# Provided data
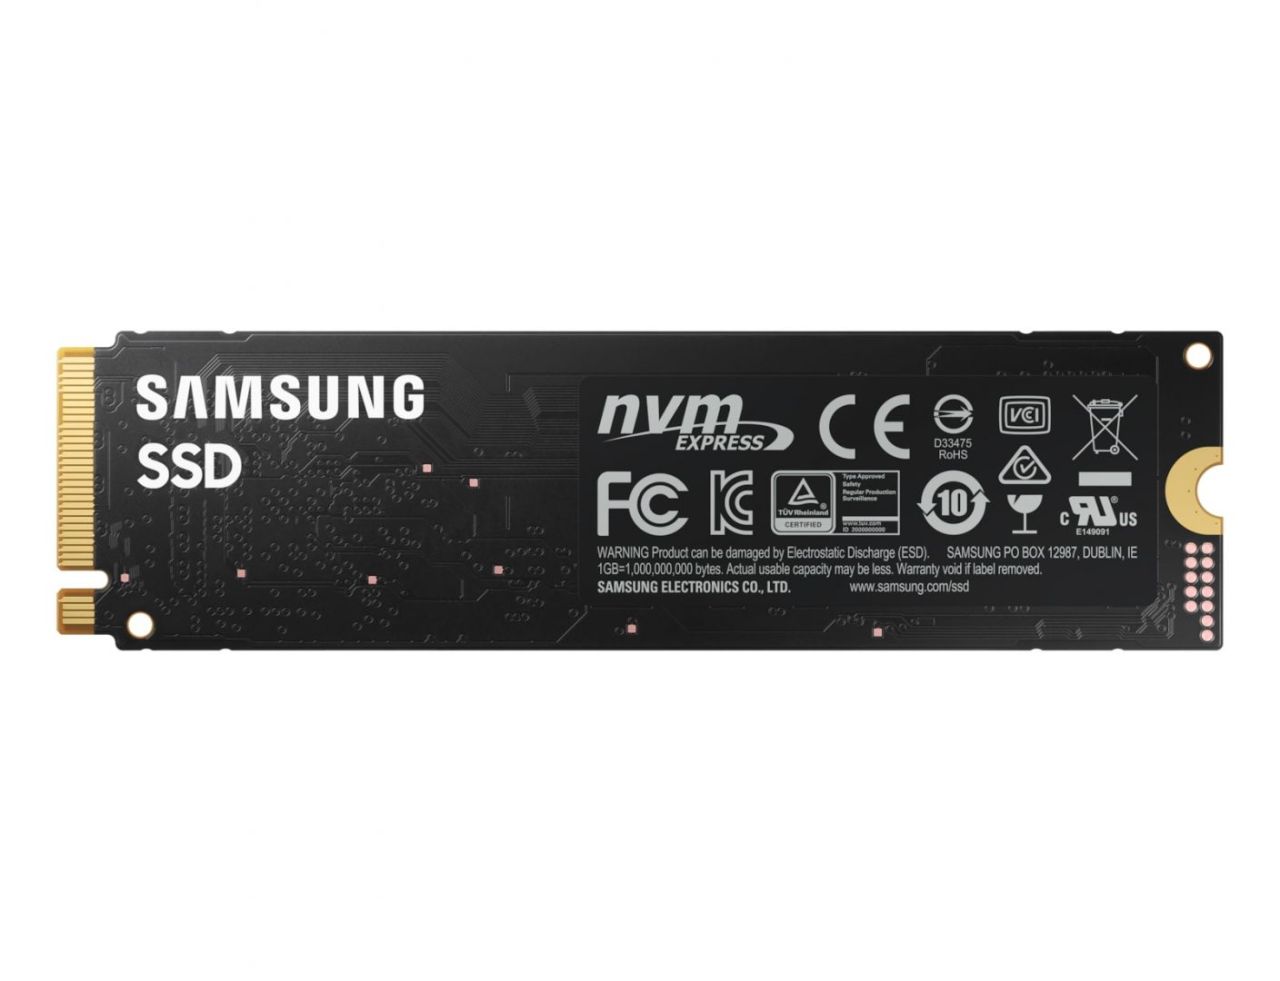 Samsung 250GB M.2 2280 NVMe 980 Basic
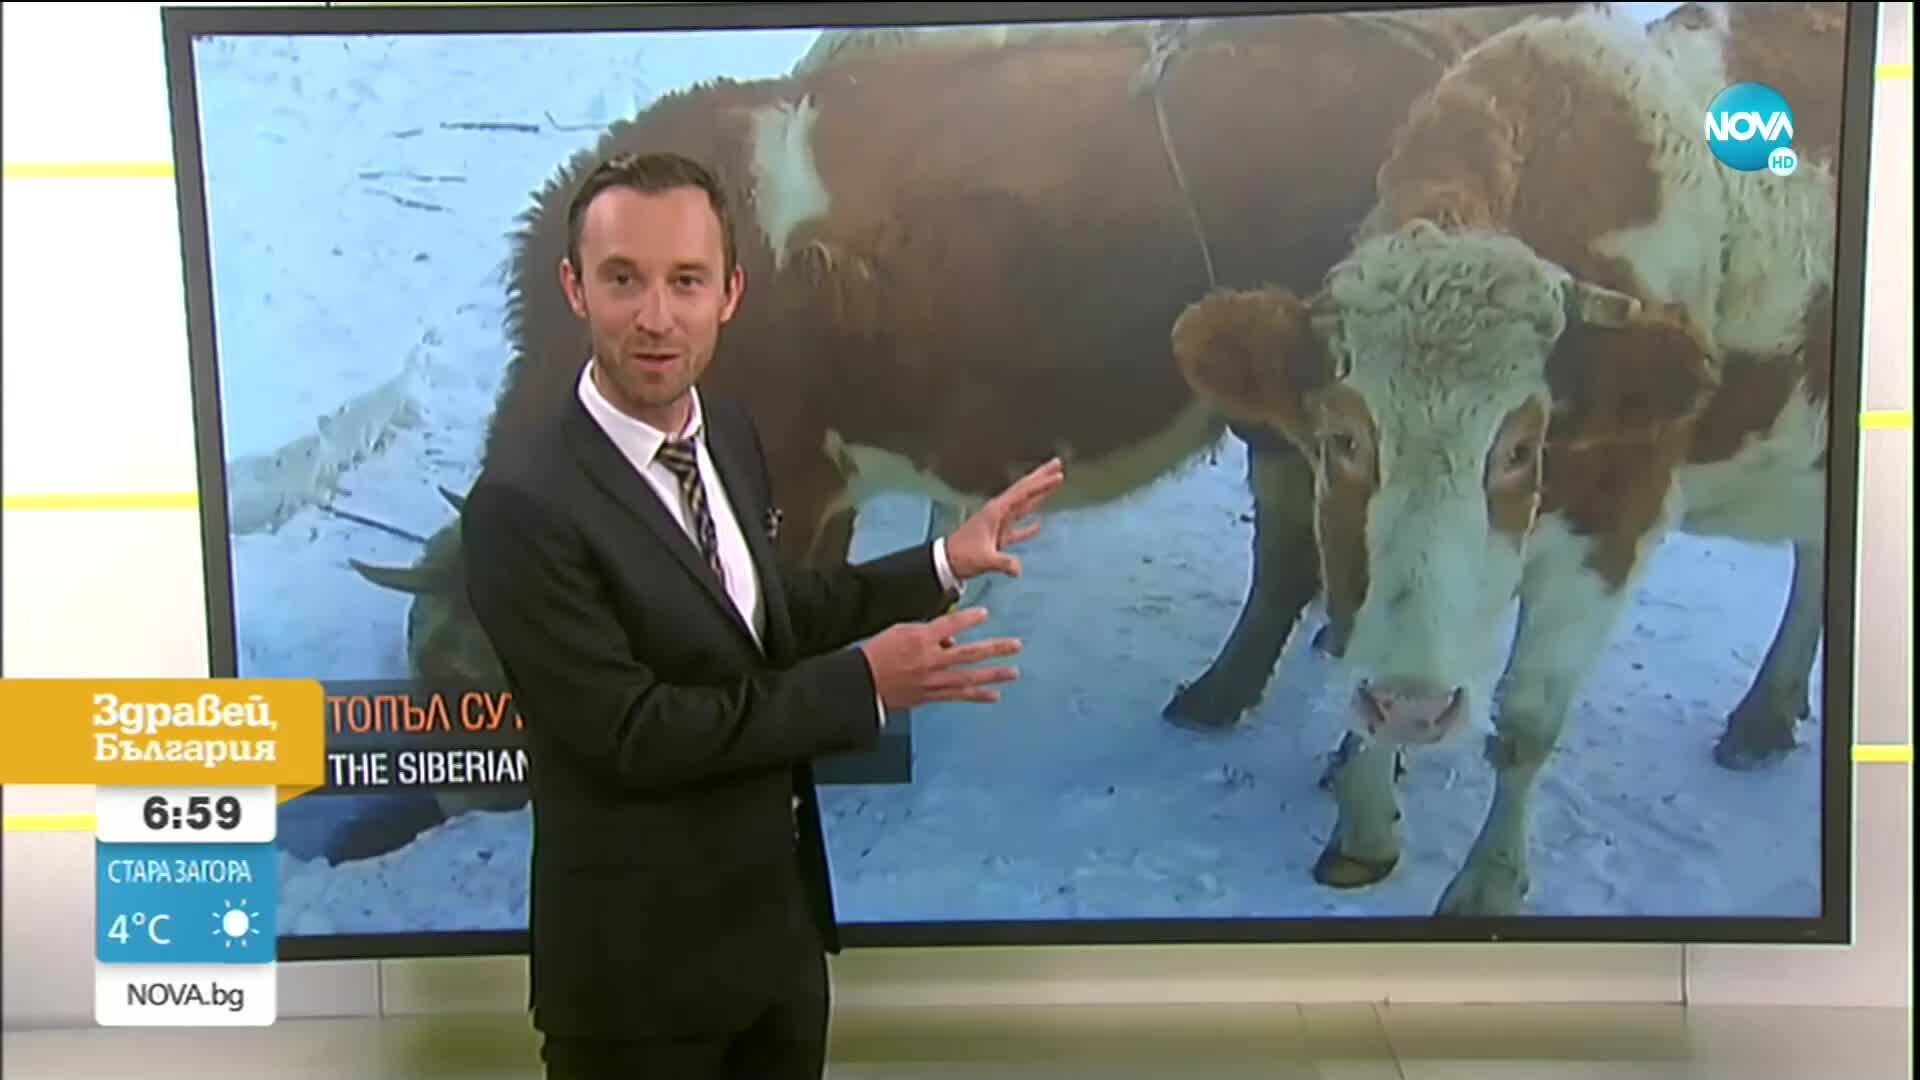 Къде кравите носят сутиени?
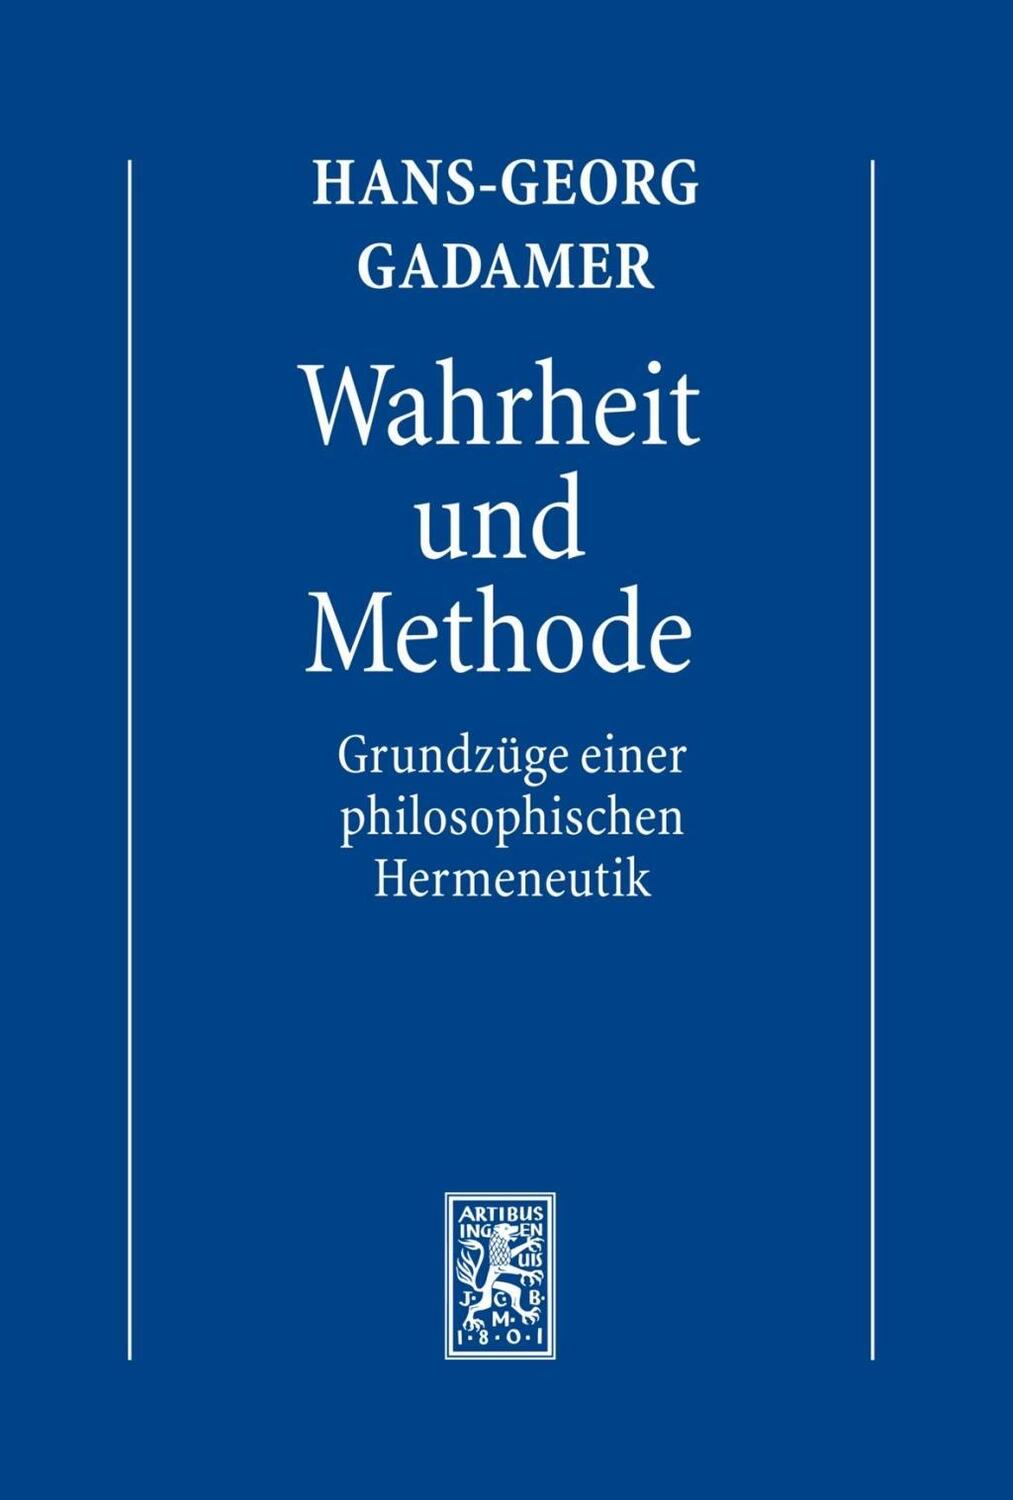 Hermeneutik I. Wahrheit und Methode - Gadamer, Hans-Georg

# Task goal
The whole listing must be transcribed exactly. No pictures belong in the copy.

# Solution to the exercise
 Samsung 250GB M.2 2280 NVMe 980 Basic
 Къде кравите носят сутиени?
 Hermeneutik I. Wahrheit und Methode - Gadamer, Hans-Georg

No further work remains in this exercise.